Он вылил остатки вина в бокал и дернул шнурок звонка. Вошел официант. Сечин вновь невольно подивился неординарной внешности туземного официанта. Был он велик ростом, небрит и косолап. Несмотря на то, что одет он был в национальный костюм абхазского джигита, в нем сейчас можно было признать донского казака.
– Ротмистр, голубчик, – ласково проговорил Тетерин, – принеси-ка нам еще пару бутылочек. Или вот что, лучше чачи.
– С превеликим нашим удовольствием, – просиял казак-джигит. – Сей момент. – Он щелкнул каблуками, вышел и вскоре вернулся с бутылкой чачи.
Они выпили по две рюмки и принялись за оджахури. Свинина, поджаренная в глиняной тарелке с картофелем, томатами и баклажанами, была восхитительна.
Потом они выпили еще по две.
– В сущности, – проговорил Сечин с набитым ртом, – меня восхищает их бойкость. Это ж надо – человека с обезьяной!.. И, главное, совершенно же бесполезно. Но французы-то, французы, трезвые же люди!..
– А вот тут вы, Алексей Петрович, ошибаетесь. Не бесполезно. Пропаганда безбожия – раз. – Тетерин загнул себе палец. – А это вам не шуточки. Это борьба за умы. А во-вторых, смотрите… Вот мул – помесь осла с кобылой. От лошади он наследует силу, от осла – выносливость. Теперь представьте себе целую армию обезьянолюдей под началом наркома Ворошилова…
– А бывает еще лошак, – сказал Сечин, икнув так, что получилось не «лошак», а «лош-ик!». – Мне сейчас пришло в голову, что я такой лошак. Необузданный как жеребец и строптивый как осел. Совершенно непригодный для работ, но при этом, прошу учесть, – он поднял палец, – весьма неприхотливый. Я лошак, господин полковник.
– Вы пьяны, – сказал Тетерин.
– Пьяный лошак, – очень серьезно кивнул Сечин.
Он потянулся к бутылке, и в это мгновение в общем зале поднялся шум. Затопало множество ног, посыпались бутылки, и вдруг грянул выстрел. Взвизгнула женщина.
– Всем оставаться на местах! – послышалось за портьерой. – Проверка документов.

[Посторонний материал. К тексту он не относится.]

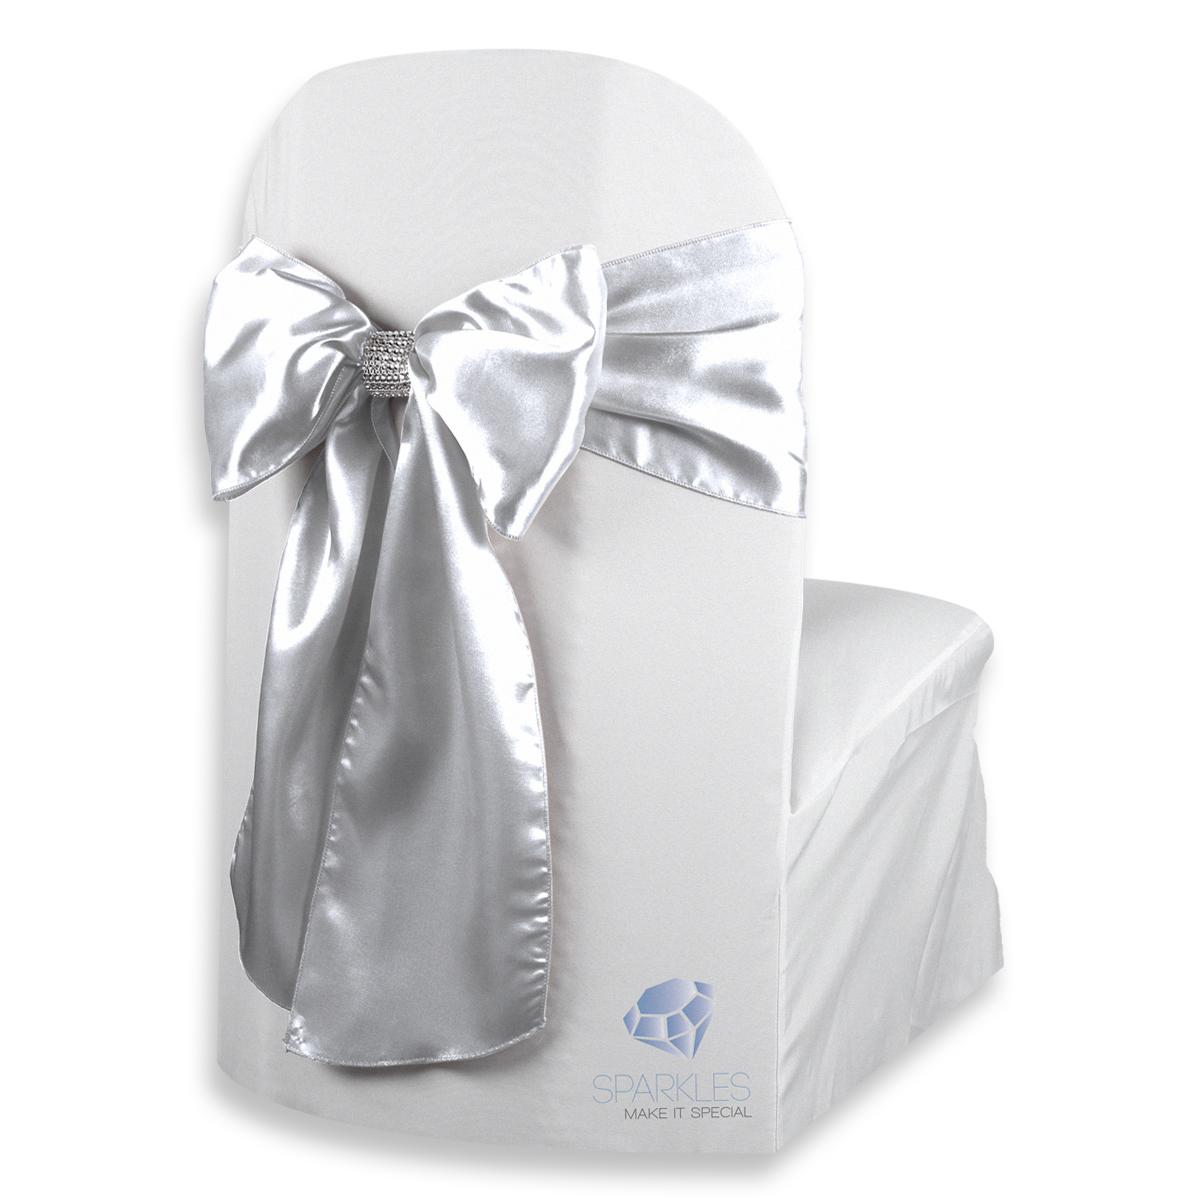 50-pcs-Satin-Chair-Cover-Bow-Sash-108-034-x8-034-Wedding-Party-Banquet-Reception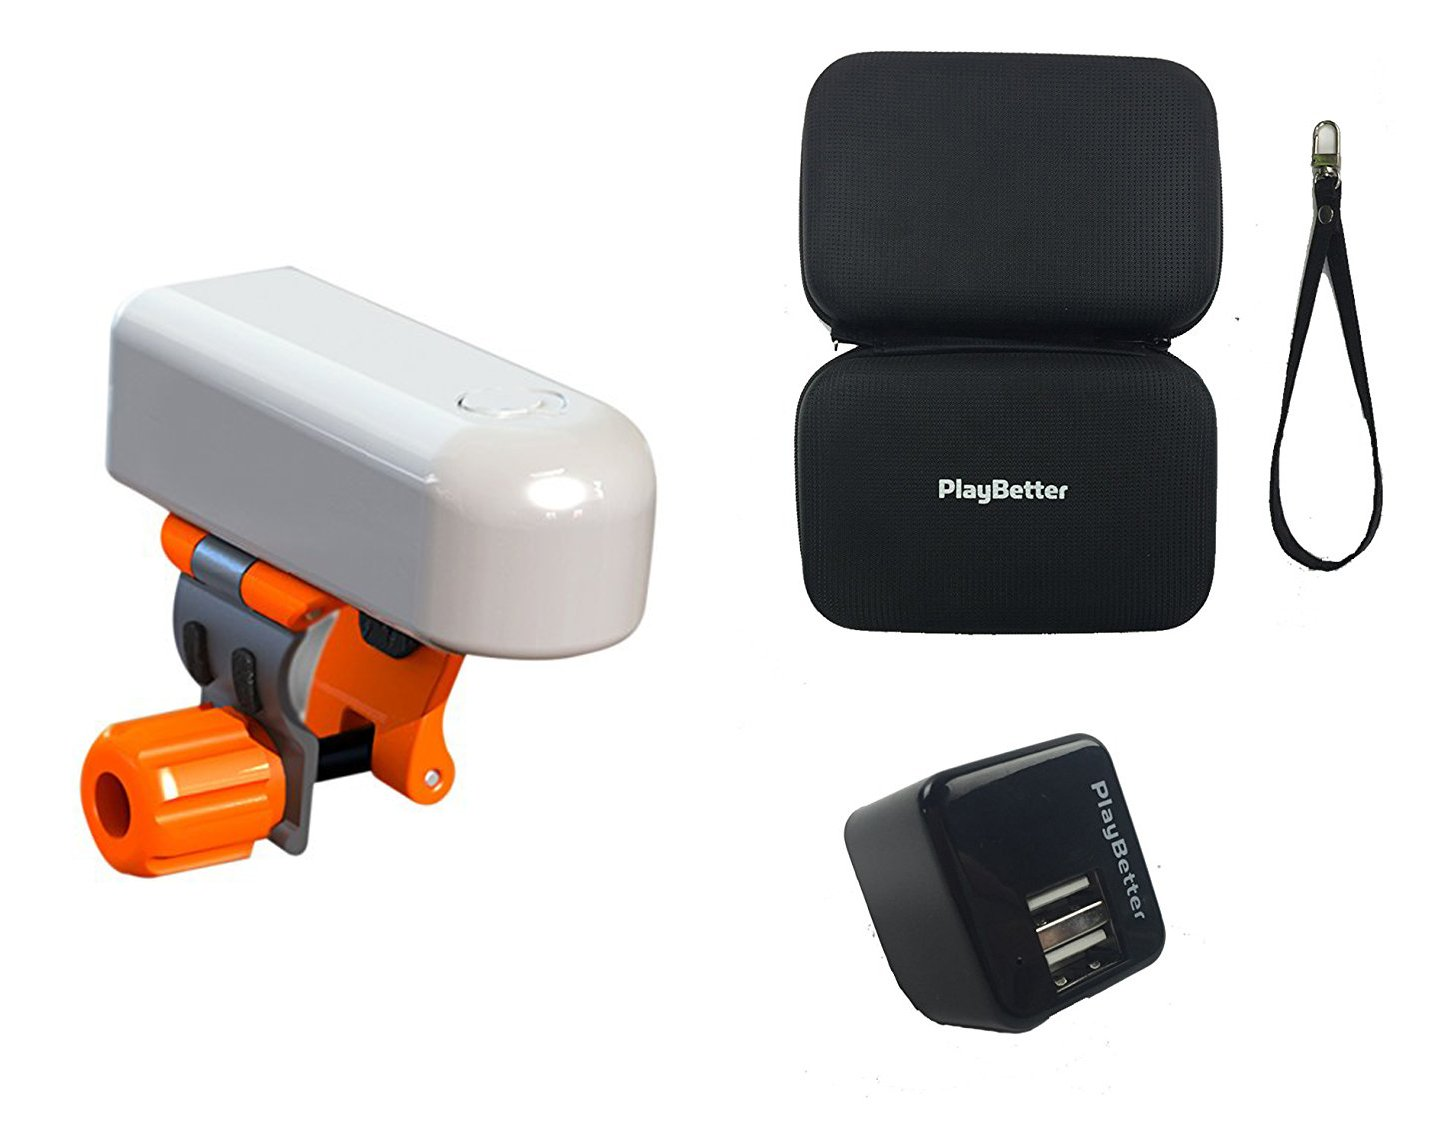 SkyCaddie SkyPro Golf Swing Analyzer BUNDLE with PlayBetter Hard Carry Case & USB Wall Adapter | Instant 3D Swing Analysis

Сечин уже стоял на ногах. Тетерин и не заметил, как в руке у прапорщика появился револьвер. Зубы обнажились под щеткой усов.
– Спрячьте оружие, – зашипел на него Тетерин.
Портьера колыхнулась, и в кабинет неуклюже скользнул ротмистр.
– Господа, – торжественно, как на официальном приеме, объявил он, – облава.
– Есть здесь черный ход? – быстро спросил Тетерин, поднимаясь и надевая шляпу.
– А как же, ваше высокобродие, – оскалился ротмистр. – Соблаговолите следовать за мной.
У выхода Тетерин задержался и повернулся к Сечину.
– Так что сказать руководству? Ваш ответ?
Сечин сунул револьвер в карман брюк, голубые глаза его весело блестели.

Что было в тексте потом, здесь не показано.